Pour commenter la thèse de Platon défendue à travers ce texte, qui est rappelons le
qu’aucun homme ne désire le mal, nous procéderons aussi en trois parties.
Il s’agir d’abord de montrer pourquoi la définition de la nature de la vertu donnée par Ménon
implique que certains hommes désirent le mal.
Ensuite nous conviendrons que pour désirer le mal il faut nécessairement le connaître.
Enfin, nous expliquerons pourquoi, selon Platon, aucun homme ne désire le mal.
Dans ce dialogue, Ménon parle en premier. Il expose à Socrate sa définition de la
nature de la vertu, qui est pour lui « le désir des belles choses avec le pouvoir de se les
procurer. ». Par là on peut comprendre que Ménon voit la vertu comme un désir des belles
choses pour soi, puisqu’il parle du pouvoir de se les procurer, à soi. On peut en revanche
s’interroger sur ce que Ménon entend par « belles choses », s’il le dit au sens de l’esthétique.
Platon rappelle alors que dans sa philosophie il lie le beau, le bon, et le vrai, et intègre cette
idée dans la question que Socrate pose à Ménon pour lui demander d’expliciter sa définition,
« Veux-tu dire que l’homme qui désire les belles choses est désireux des bonnes ? ». Ménon
affirme que oui, et sa définition de la vertu est ainsi clarifiée. On peut transformer le « désir
des belles choses » en « désir des bonnes choses », et si on synthétise le tout en ajoutant la
première idée, qui est que les choses doivent être désirées pour soi, on déduit que pour
Ménon, la vertu, c’est le désir des bonnes choses, donc des choses du bien, pour soi, couplé
à la capacité de les obtenir. Remarquons ici que l’homme vertueux selon la définition de
Ménon est probablement riche, puisqu’il doit pouvoir se procurer les choses qu’il désire.
Socrate poursuit en faisant expliciter par la dialectique un présupposé que fait Ménon en
définissant la vertu comme désir des bonnes choses, qu’il utilisera ensuite pour créer une
tension dans son point de vue. Il demande « Dis-tu cela avec l’idée que certains hommes
désirent le mal, tandis que d’autres désirent le bien ? Ne crois-tu pas, excellent homme, que
tous les hommes désirent le bien ? ». L’idée défendue par Socrate, est que si l’on avance le
désir du bien comme condition de la vertu, il faut que le désir du mal soit possible.
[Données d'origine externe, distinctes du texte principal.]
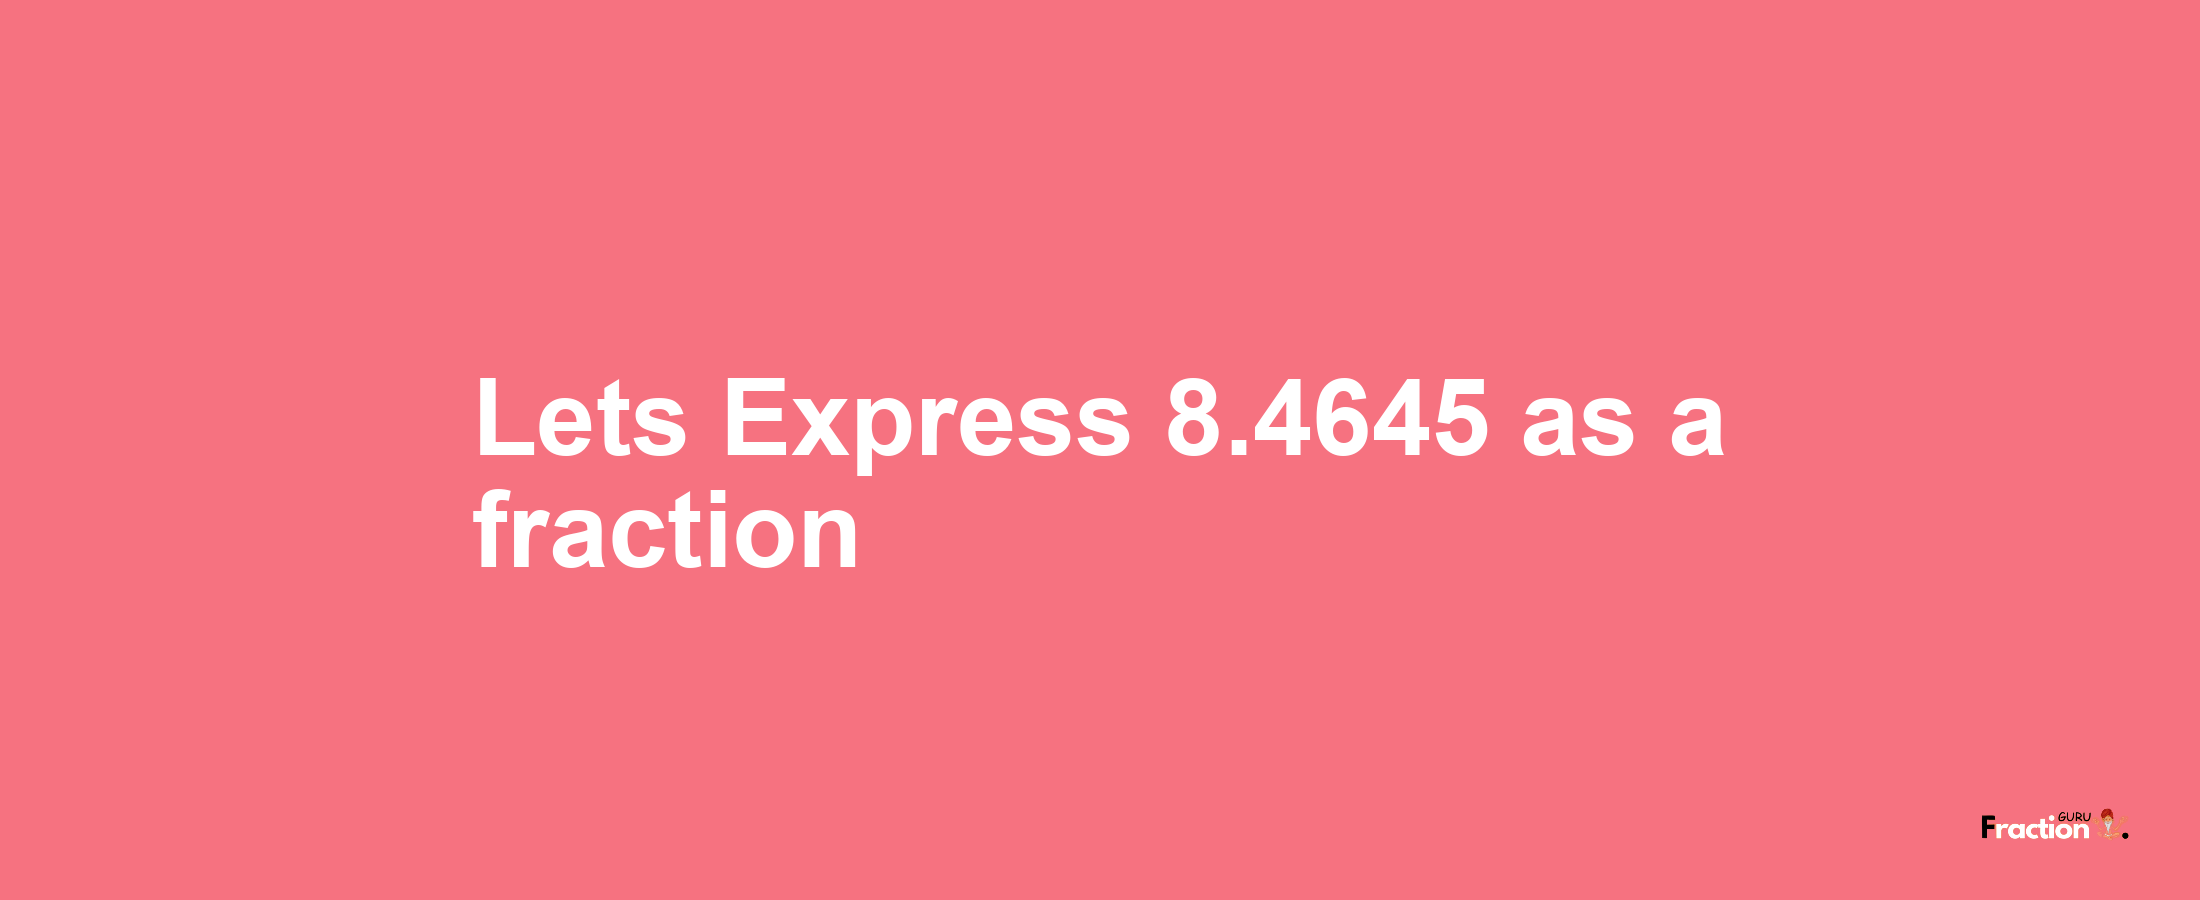 Lets Express 8.4645 as afraction

En effet,
si l’on parle de la vertu comme de quelque chose qui distingue les hommes, rendant
l’homme vertueux meilleur que l’homme qui ne l’est pas, la vertu ne peut être commune à
tous. Alors les conditions de la vertu sont nécessairement des qualités qui elles non plus ne
sont pas communes à tous. Donc si le désir du bien participe à la vertu, c’est qu’il est possible
de désirer autre chose que le bien. Et désirer autre chose que le bien, c’est désirer le mal. Il
s’assure donc en demandant à Ménon s’il pense qu’il y a des hommes qui désirent le mal, qui
lui répond que oui, il y a des hommes qui désirent le mal, que sa définition de la vertu
implique bien cette idée, sur laquelle il va fonder la suite de sa dialectique.